I went to bed at 5:00 AM this morning after finishing my Theology paper and taking a shower. I braided my sopping dark hair into a long rope, popped my retainers in, and crawled between the sheets for a comfortable 3 hours before my class.
To be honest, I’m doing okay today! I don’t think it has hit me yet, but the closer midnight gets, the more appealing bedtime sounds. This weekend will be full of work; tomorrow I’m getting up to go to the gym (I haven’t exercised in around a week, and the lethargic feeling of physical stagnancy is settling into the far reaches of my body…it’s time for a run.) After that, breakfast, and essays. Three to be exact. But it’ll all be over come Monday morning! Well, most of it that is. I have a piano recital on Wednesday night that I’m not particularly looking forward to. I just talked to my mom about it, and she told me that I’m probably more prepared than I think I am (which is true,)
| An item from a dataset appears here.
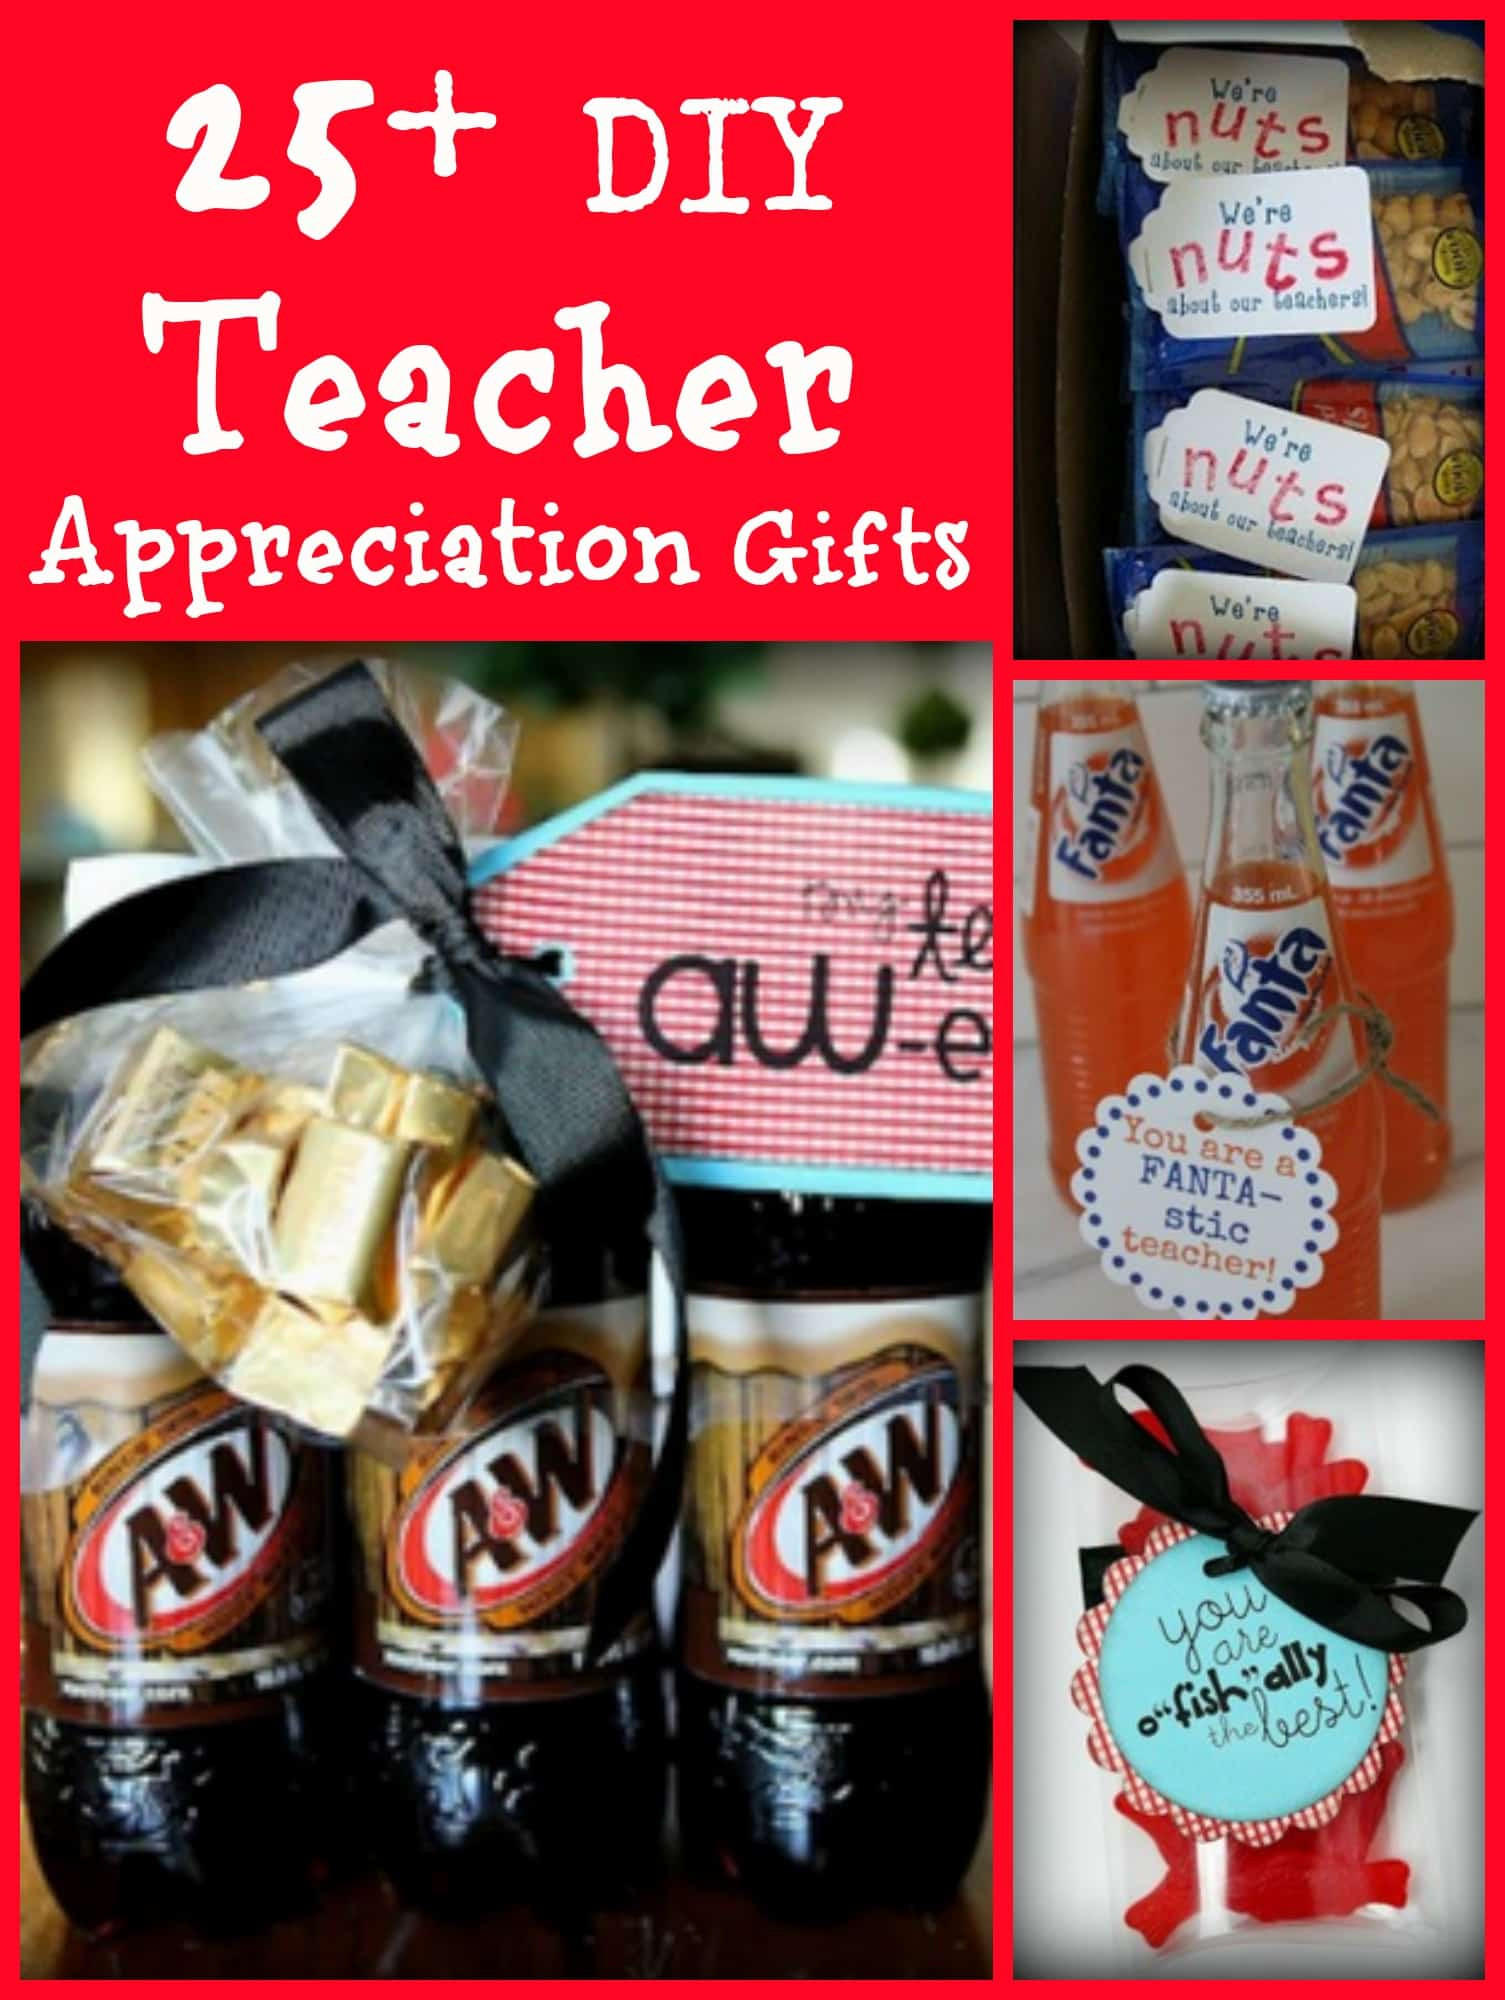 DIY Teacher Gifts Ideas
 25 Bud Friendly Homemade DIY Teacher Appreciation Gift

I move out of this city in 5 days. The drive home will be taking me back over to Eastern Washington (a place I visited for the first time last week, and fell in love with.) From there, a quick cut across Idaho, through Montana, down into Wyoming, dropping us straight into the mountainy arms of Colorado’s embrace. A little part of me is already sad though, a part that I suspect to grow before Thursday afternoon. I don’t know why I’m holding this thought, but the idea of me not living in Seattle makes the "active world" feel so distant. Will I be prepared to live a quiet summer of isolation in the mountains, after 9 months of this bustling metropolis of cross dressers and tattooed baristas? We’ll see.
Anyway, I liked my outfit today. It was simple. My roommate is gone most of the night, which means I ended up chilling out in my bra and underwear, watching Netflix. Naturally silly self-portraits were in order.
My friends, there is a bit of me that is worried. It’s questioning the authenticity of my feelings on a matter that I once felt very strongly for. I hope my passion is not running thin; it’s my passion that has gotten me to the good place that I’m at right now.
I’ll be 19 soon. Even with all this experience, this pain, life, and knowledge under my belt, I’m still considered the youngin’ in a circle of friends. Something doesn’t seem right about that.
Goodnight. More pictures will be up soon. Thank you for reading, watching, and listening.